*** Extracted entries ***

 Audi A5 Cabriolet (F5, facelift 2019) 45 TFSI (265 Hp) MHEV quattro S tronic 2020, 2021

*** End of Extracted entries ***
*** Extracted entries ***

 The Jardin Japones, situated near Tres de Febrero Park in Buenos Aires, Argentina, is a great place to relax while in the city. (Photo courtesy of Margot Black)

*** End of Extracted entries ***
*** Extracted entries ***

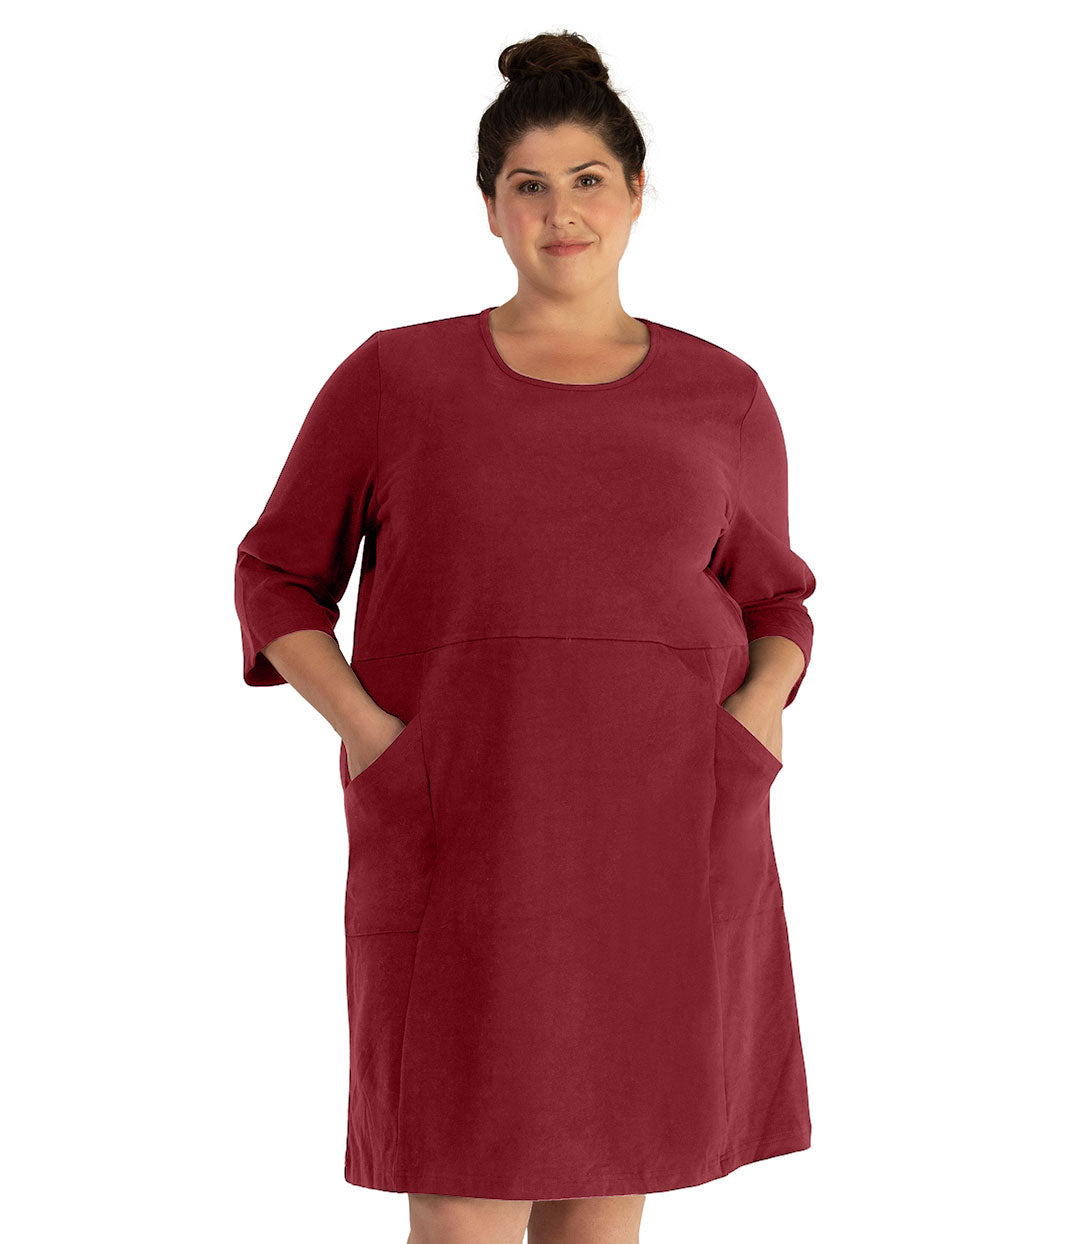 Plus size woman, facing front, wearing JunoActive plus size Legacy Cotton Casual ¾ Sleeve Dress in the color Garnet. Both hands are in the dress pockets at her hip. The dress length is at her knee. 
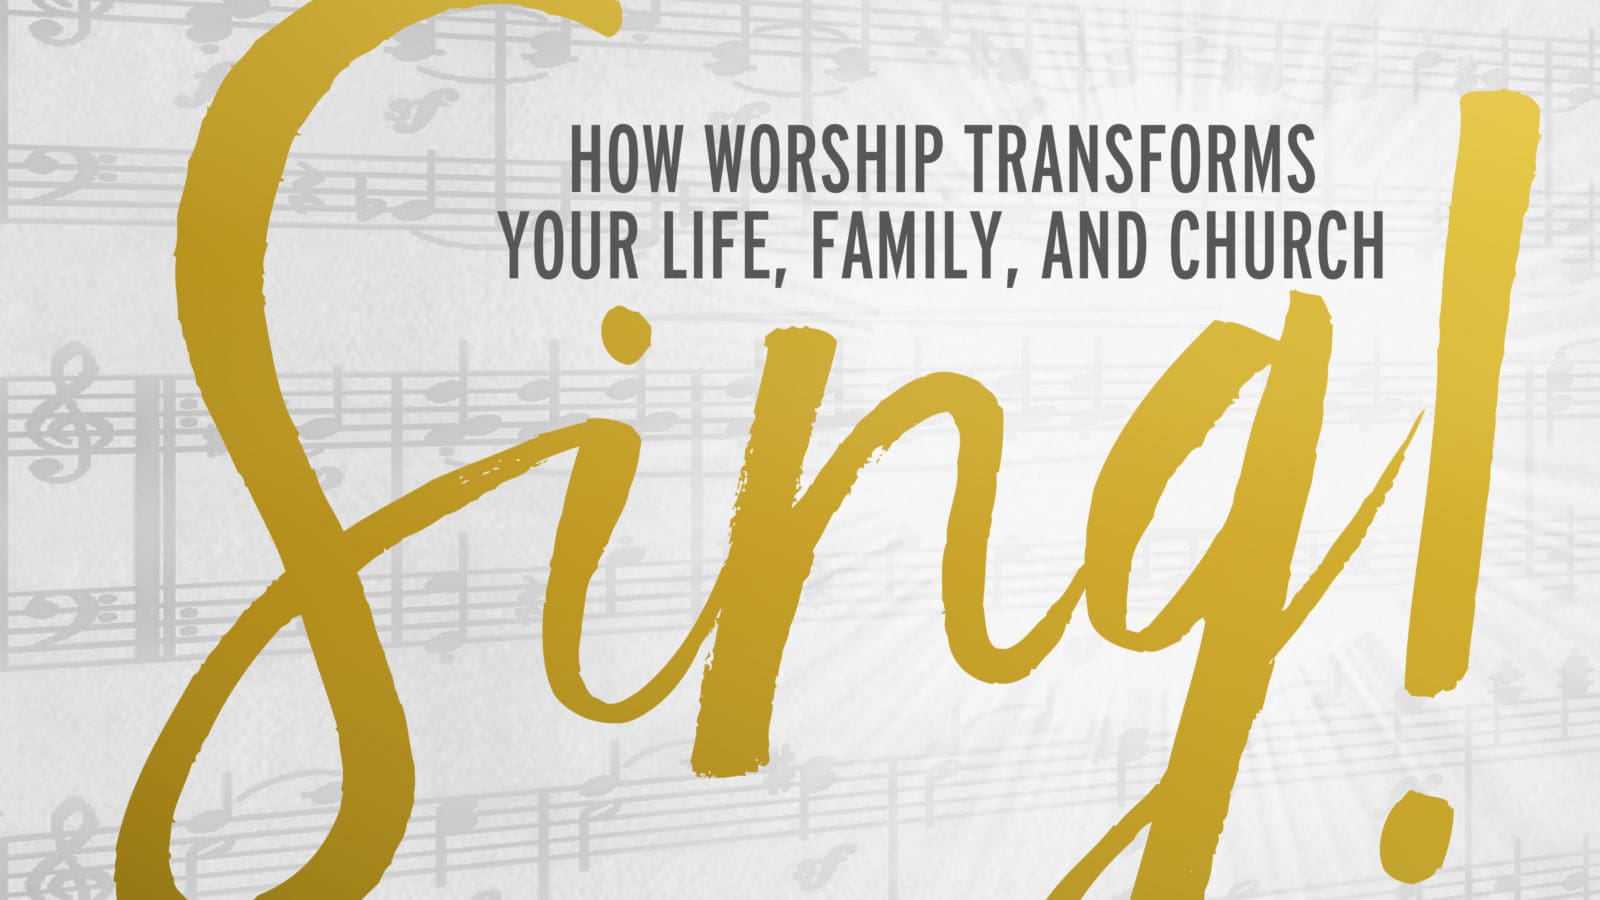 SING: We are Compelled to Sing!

*** End of Extracted entries ***

Exercise goal
The data above holds the lines to copy: start at the one with "Plus size woman, facing", stop at the one with "SING: We are Compelled to Sing!", include both, copy them exactly without pictures, and copy nothing else.

Result for this task
 Plus size woman, facing front, wearing JunoActive plus size Legacy Cotton Casual ¾ Sleeve Dress in the color Garnet. Both hands are in the dress pockets at her hip. The dress length is at her knee. 
 SING: We are Compelled to Sing!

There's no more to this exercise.